(RECORDS Opens)
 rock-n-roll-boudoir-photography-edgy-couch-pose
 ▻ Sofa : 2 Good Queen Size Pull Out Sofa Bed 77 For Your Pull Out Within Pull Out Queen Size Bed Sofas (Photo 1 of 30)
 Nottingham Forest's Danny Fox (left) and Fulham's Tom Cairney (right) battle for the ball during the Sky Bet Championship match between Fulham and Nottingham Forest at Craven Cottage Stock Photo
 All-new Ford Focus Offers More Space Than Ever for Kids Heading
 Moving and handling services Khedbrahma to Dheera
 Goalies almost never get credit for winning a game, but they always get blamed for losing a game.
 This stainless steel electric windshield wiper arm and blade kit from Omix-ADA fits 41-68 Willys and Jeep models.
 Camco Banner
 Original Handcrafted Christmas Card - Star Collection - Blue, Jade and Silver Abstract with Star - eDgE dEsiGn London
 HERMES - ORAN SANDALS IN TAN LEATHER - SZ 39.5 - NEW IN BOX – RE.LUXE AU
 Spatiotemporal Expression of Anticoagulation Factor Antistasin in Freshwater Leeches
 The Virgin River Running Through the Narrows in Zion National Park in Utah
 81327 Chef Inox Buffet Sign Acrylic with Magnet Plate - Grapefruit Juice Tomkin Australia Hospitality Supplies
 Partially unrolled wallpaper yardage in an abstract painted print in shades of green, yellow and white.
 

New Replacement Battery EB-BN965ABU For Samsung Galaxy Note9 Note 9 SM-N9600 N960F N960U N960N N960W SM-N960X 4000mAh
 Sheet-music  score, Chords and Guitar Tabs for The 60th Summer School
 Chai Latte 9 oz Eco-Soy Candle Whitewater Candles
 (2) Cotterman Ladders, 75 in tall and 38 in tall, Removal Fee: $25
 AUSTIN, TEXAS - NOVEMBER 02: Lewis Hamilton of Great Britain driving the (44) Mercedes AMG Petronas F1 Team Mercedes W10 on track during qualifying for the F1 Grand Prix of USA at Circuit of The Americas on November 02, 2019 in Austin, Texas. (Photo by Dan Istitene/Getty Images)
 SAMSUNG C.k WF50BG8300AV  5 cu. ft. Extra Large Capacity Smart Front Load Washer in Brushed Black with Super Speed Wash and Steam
(RECORDS Closes)
◆ WHAT THIS TASK INVOLVES
Exactly as written, repeat the lines from the start of the listing through the line containing "Original Handcrafted Christmas", both included.

◆ OUTPUT FOR THIS TASK
 rock-n-roll-boudoir-photography-edgy-couch-pose
 ▻ Sofa : 2 Good Queen Size Pull Out Sofa Bed 77 For Your Pull Out Within Pull Out Queen Size Bed Sofas (Photo 1 of 30)
 Nottingham Forest's Danny Fox (left) and Fulham's Tom Cairney (right) battle for the ball during the Sky Bet Championship match between Fulham and Nottingham Forest at Craven Cottage Stock Photo
 All-new Ford Focus Offers More Space Than Ever for Kids Heading
 Moving and handling services Khedbrahma to Dheera
 Goalies almost never get credit for winning a game, but they always get blamed for losing a game.
 This stainless steel electric windshield wiper arm and blade kit from Omix-ADA fits 41-68 Willys and Jeep models.
 Camco Banner
 Original Handcrafted Christmas Card - Star Collection - Blue, Jade and Silver Abstract with Star - eDgE dEsiGn London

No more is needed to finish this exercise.